Multiplier Equal to One
If multiplier = 1, every multiplication leaves the selected value unchanged. A buggy implementation might assume values always change and accidentally enter incorrect logic. The heap approach works naturally because the updated value is simply reinserted unchanged.
Single Element Array
When the array contains only one element, that same element must be selected in every operation. Some implementations accidentally assume there are multiple candidates. The heap always contains exactly one entry, so repeated updates are handled correctly.

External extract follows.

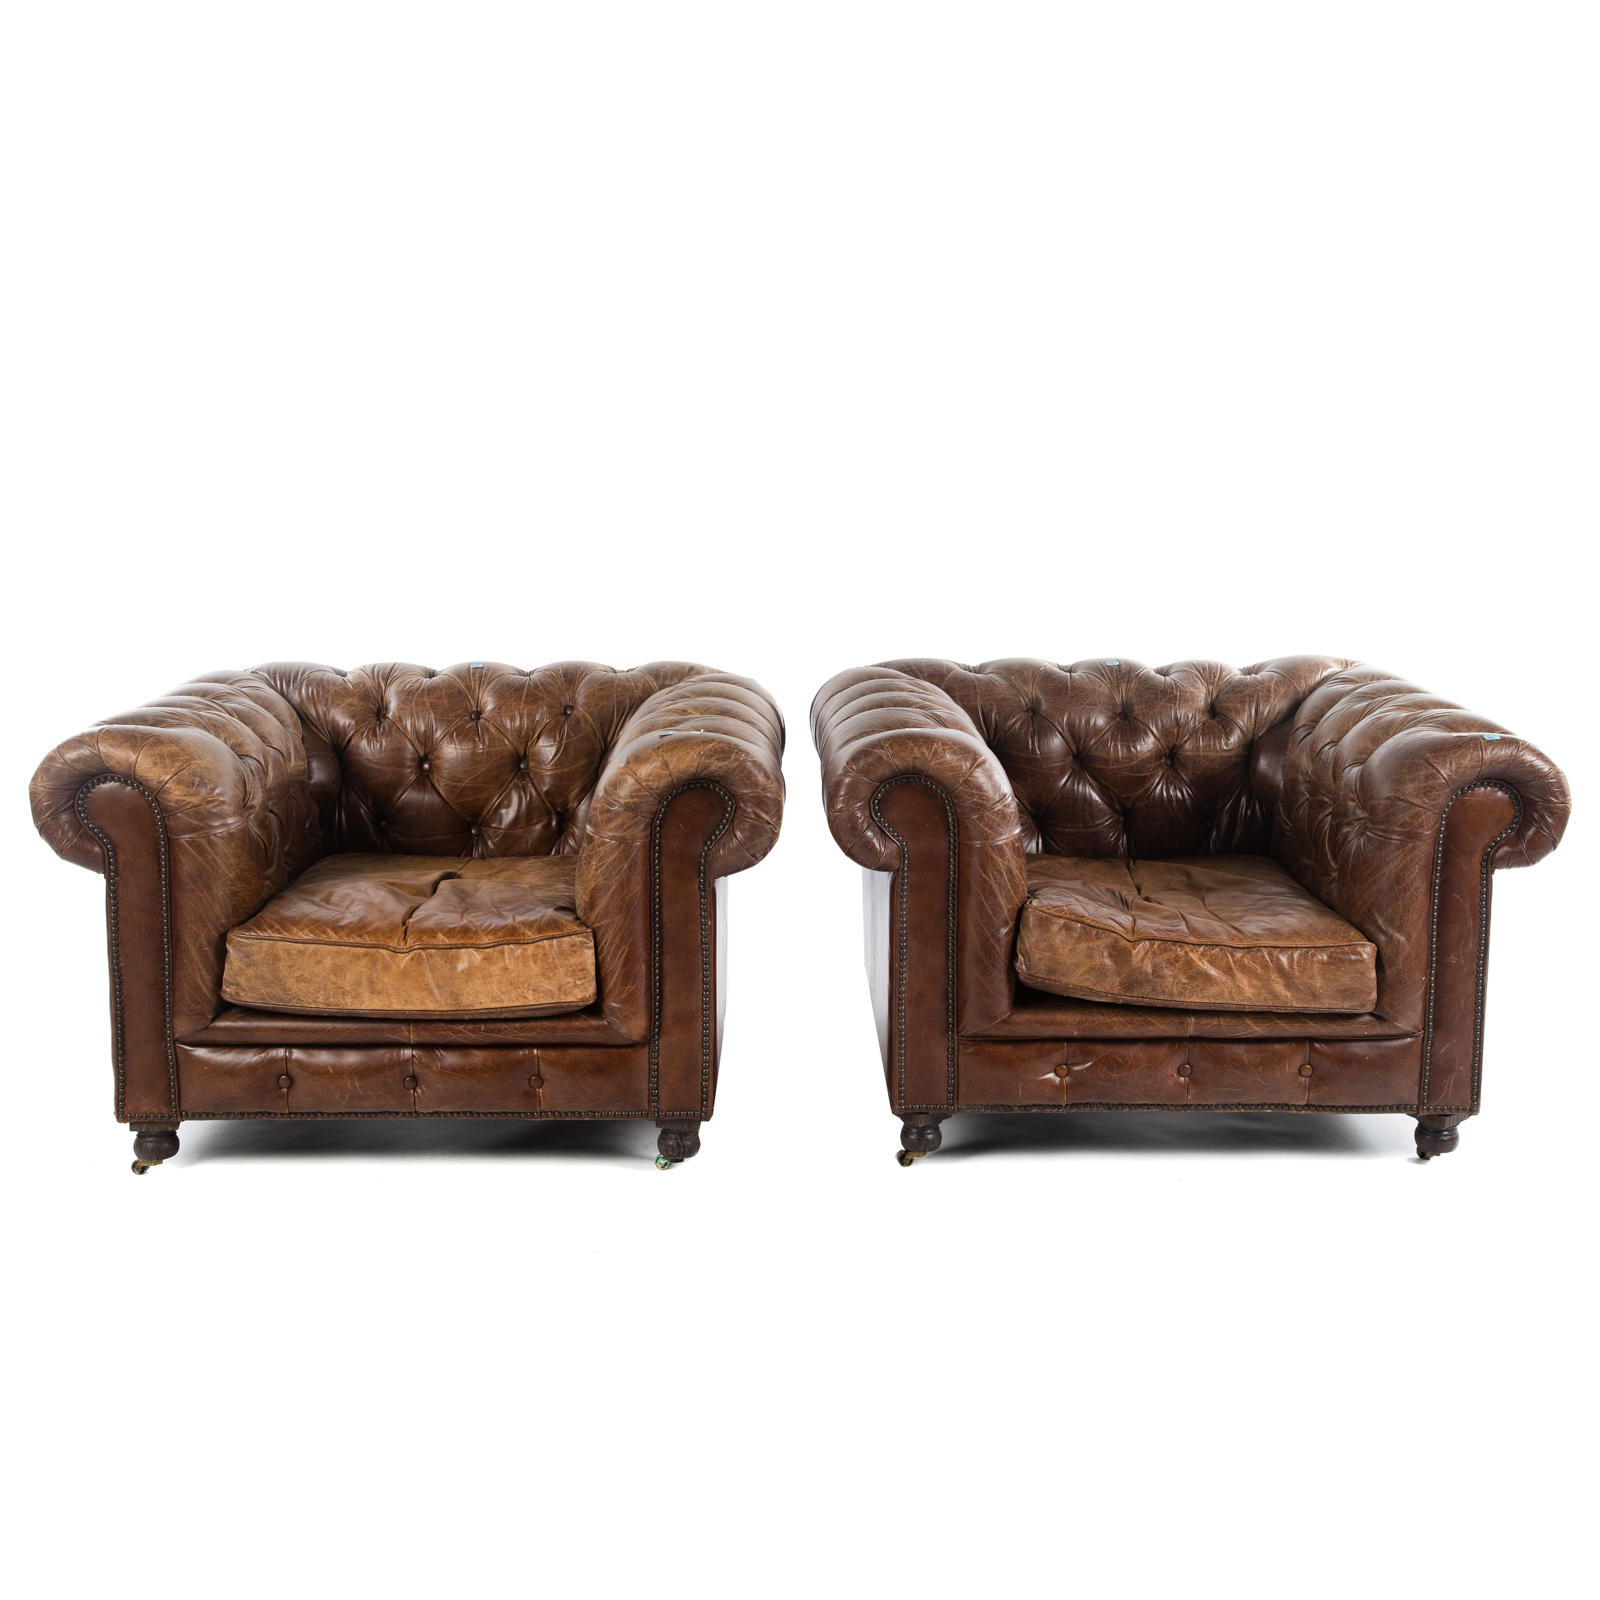 A PAIR OF RESTORATION HARDWARE 369427

The Same Element Remains the Minimum
After multiplication, an element may still be the smallest value in the array. For example, with nums = [1, 100] and multiplier = 2, the first element remains the minimum for several operations. The algorithm correctly reinserts the updated value into the heap, allowing it to be selected again whenever it is still the smallest element.
All Elements Equal
When every element starts with the same value, the first-occurrence rule becomes critical. For example, with [2,2,2,2], the first operation must update index 0, the second operation index 1, and so on. The (value, index) ordering in the heap ensures this behavior exactly matches the problem specification.